Wednesday, July 09, 2008

running on empty

the past week and a half have seen a flurry of activity that has left me a bit drained.

on friday, the boy and i headed out to philly to celebrate my bro's birthday. we had a relaxing 4th of july, take out wings and pizza and a few dvd's. saturday involved an eye exam, cheesesteak excursion, trip to a chinatown grocery store, and bbq/bday party prep. there was plenty of good eats, drinks, and music (btw, kudos to the boy for egging me on to experience beer pong for the first time in my life)!

we woke up around 11 sunday morning and lazed around a bit. big bro made us a yummy breakfast of sausage, bacon, eggs, and toast before giving us a lift to the chinatown bus. we made our way back to nyc, stopping to get boba tea before heading back uptown to nap. for dinner, the boy and i met up with taz for 3 recession meals at gray's papaya (two hot dogs with toppings and a drink for less than $4 each). the 100% beef hot dogs were quite good and the snap from the casing gave way to the juicy center. the drink was good but a bit too sweet and smoothy like for my tastes.

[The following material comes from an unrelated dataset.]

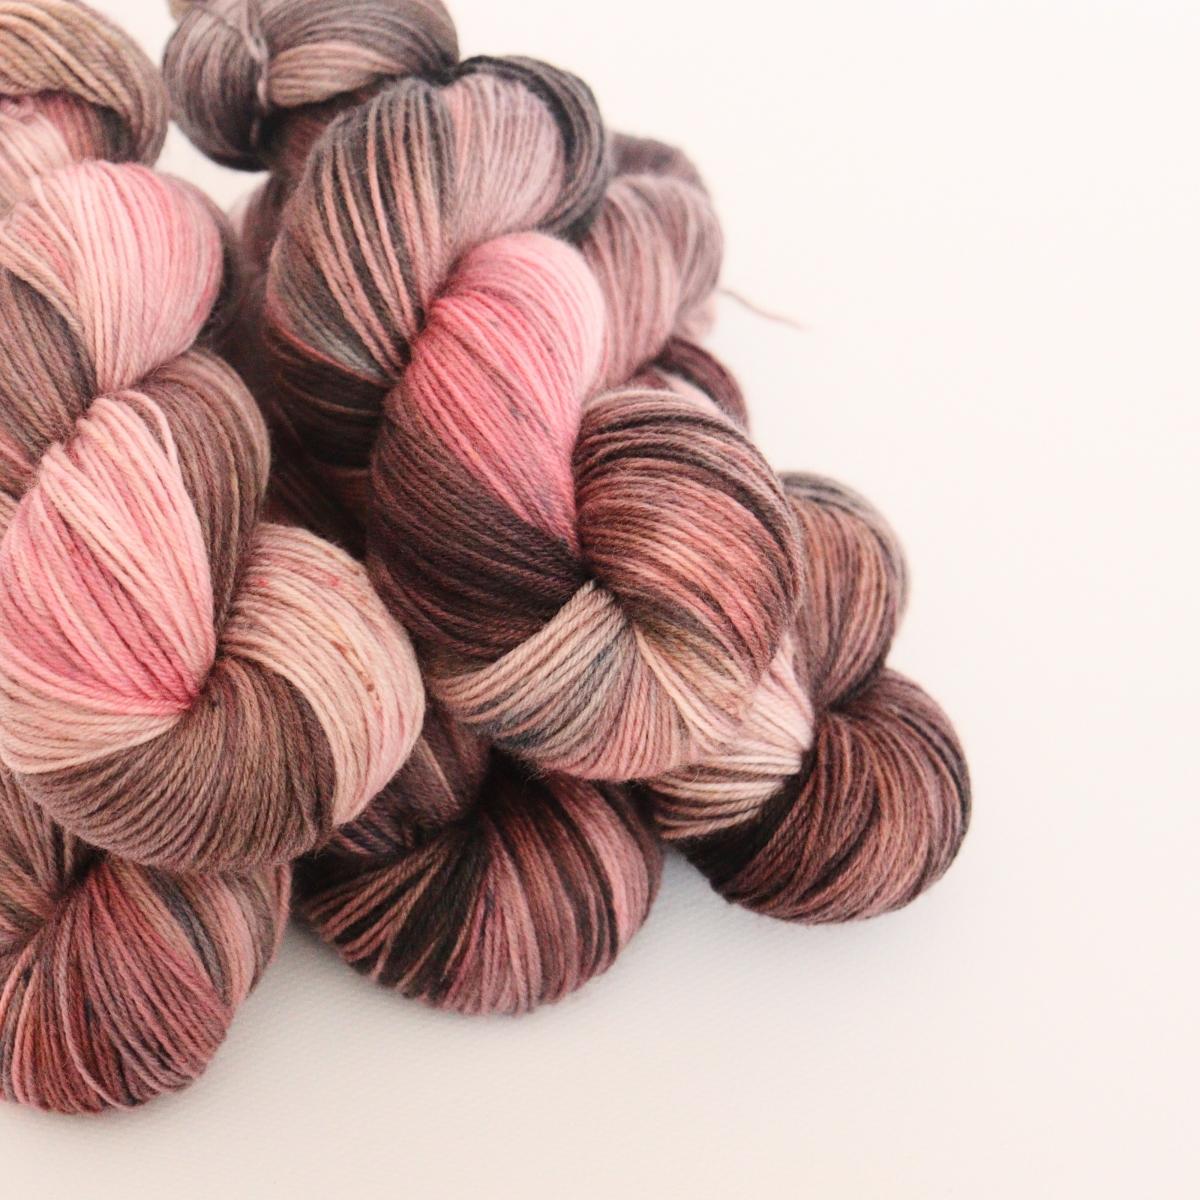 woodico.pro hand dyed yarn 061 2 1200x1200 - Hand dyed yarn / 061

after polishing off dinner, we headed to park slope for drinks and bocce. whether the hotdogs were not filling enough or we managed to work up an appetite, the next stop was schillers in the LES for a late night snack. the nachos were delicious as usual.

always the busiest day of the work week, this monday's dreadfulness was compounded by the extra reports and analysis necessitated by the end of the fiscal month and insufficient sleep. i managed to hold out until 6pm and headed downtown to meet taz, his new lady friend S, and VK for dinner at mercadito grill. to my delight, the fish tacos were excellent and better than the previous visit. i tried to stay focused during dinner, but ended up excusing myself around 9pm to head home for a quick workout and good night's rest.

tuesday was feeling back to my normal. the work week has been flying by as i'm trying to cram a week and a half of work into one in preparation for my upcoming trip to florida. had a nice dinner with taz at totoya where we deconstructed my behavioral patterns and various other topics. after dinner, we enjoyed ice cream from sedutto near my apartment.

a sudden change of plans with jpan and xiaopang have resulted in the cancellation of friday's dinner party which left me unexpectedly free tonight and tomorrow night. celestial and i decided to meet up for dinner at kura sushi where we were joined by Q2. the night ended later than expected and i find myself feeling weary from all the week's activity. . . . i think i need a vacation before my vacation!